## EXERCISE REQUIREMENTS
Given the material below, output exactly the lines from the line with "monogram belt blue" to the line with "Bank Reconciliation Journal Entries", both ends included, and no other lines.

## AVAILABLE DATA
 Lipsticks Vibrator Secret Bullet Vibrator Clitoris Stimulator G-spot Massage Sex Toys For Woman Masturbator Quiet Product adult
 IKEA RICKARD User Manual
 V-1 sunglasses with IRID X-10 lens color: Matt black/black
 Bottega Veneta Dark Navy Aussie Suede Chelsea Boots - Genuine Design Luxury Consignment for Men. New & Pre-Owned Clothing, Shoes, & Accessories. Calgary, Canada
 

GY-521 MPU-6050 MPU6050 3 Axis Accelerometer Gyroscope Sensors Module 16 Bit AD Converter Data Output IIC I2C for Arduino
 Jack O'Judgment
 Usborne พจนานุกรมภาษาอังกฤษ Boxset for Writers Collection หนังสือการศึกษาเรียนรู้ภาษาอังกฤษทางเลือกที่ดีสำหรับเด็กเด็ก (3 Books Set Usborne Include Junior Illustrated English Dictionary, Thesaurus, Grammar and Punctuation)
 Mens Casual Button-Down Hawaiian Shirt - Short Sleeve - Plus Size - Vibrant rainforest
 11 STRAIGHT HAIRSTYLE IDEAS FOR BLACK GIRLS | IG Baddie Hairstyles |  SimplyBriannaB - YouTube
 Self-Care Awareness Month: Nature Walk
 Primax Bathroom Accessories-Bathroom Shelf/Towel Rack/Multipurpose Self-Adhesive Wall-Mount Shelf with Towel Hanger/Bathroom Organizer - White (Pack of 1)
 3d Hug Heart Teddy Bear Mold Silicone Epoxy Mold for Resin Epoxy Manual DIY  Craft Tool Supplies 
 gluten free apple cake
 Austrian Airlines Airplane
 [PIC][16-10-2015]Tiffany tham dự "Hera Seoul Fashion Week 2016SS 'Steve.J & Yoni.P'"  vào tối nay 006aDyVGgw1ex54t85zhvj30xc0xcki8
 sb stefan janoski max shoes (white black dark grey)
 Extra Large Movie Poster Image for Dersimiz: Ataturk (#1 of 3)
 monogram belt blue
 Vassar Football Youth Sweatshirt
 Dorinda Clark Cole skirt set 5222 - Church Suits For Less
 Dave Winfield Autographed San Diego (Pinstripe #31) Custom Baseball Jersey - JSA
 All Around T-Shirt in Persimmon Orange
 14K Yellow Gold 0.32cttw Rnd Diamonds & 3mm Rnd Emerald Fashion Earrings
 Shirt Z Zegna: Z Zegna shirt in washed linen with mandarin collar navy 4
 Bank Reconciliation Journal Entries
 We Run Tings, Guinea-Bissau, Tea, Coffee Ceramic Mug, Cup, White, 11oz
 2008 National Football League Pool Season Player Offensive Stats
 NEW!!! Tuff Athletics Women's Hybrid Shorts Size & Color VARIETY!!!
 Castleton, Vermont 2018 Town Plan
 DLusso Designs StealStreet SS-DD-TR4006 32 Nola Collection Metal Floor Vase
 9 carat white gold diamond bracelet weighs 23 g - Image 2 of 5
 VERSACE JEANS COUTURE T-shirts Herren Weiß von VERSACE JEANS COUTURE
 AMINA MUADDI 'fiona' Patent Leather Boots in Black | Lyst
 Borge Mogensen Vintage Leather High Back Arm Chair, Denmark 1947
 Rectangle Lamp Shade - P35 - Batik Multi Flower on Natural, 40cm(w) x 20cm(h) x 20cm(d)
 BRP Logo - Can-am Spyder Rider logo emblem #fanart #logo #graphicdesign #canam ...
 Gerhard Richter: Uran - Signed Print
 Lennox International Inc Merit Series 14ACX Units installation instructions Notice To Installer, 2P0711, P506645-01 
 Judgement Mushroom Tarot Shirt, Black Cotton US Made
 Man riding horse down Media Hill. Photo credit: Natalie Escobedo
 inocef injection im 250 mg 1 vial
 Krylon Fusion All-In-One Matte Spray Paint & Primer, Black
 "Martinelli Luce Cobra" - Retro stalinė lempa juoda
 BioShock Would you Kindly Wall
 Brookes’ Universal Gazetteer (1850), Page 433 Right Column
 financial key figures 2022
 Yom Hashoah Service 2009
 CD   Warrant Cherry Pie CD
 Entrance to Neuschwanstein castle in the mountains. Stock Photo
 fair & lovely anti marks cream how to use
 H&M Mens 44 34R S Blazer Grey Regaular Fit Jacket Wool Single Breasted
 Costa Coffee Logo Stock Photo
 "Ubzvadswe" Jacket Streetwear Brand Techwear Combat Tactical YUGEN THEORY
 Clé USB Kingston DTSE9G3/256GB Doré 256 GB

## RESULT FOR THIS EXERCISE
 monogram belt blue
 Vassar Football Youth Sweatshirt
 Dorinda Clark Cole skirt set 5222 - Church Suits For Less
 Dave Winfield Autographed San Diego (Pinstripe #31) Custom Baseball Jersey - JSA
 All Around T-Shirt in Persimmon Orange
 14K Yellow Gold 0.32cttw Rnd Diamonds & 3mm Rnd Emerald Fashion Earrings
 Shirt Z Zegna: Z Zegna shirt in washed linen with mandarin collar navy 4
 Bank Reconciliation Journal Entries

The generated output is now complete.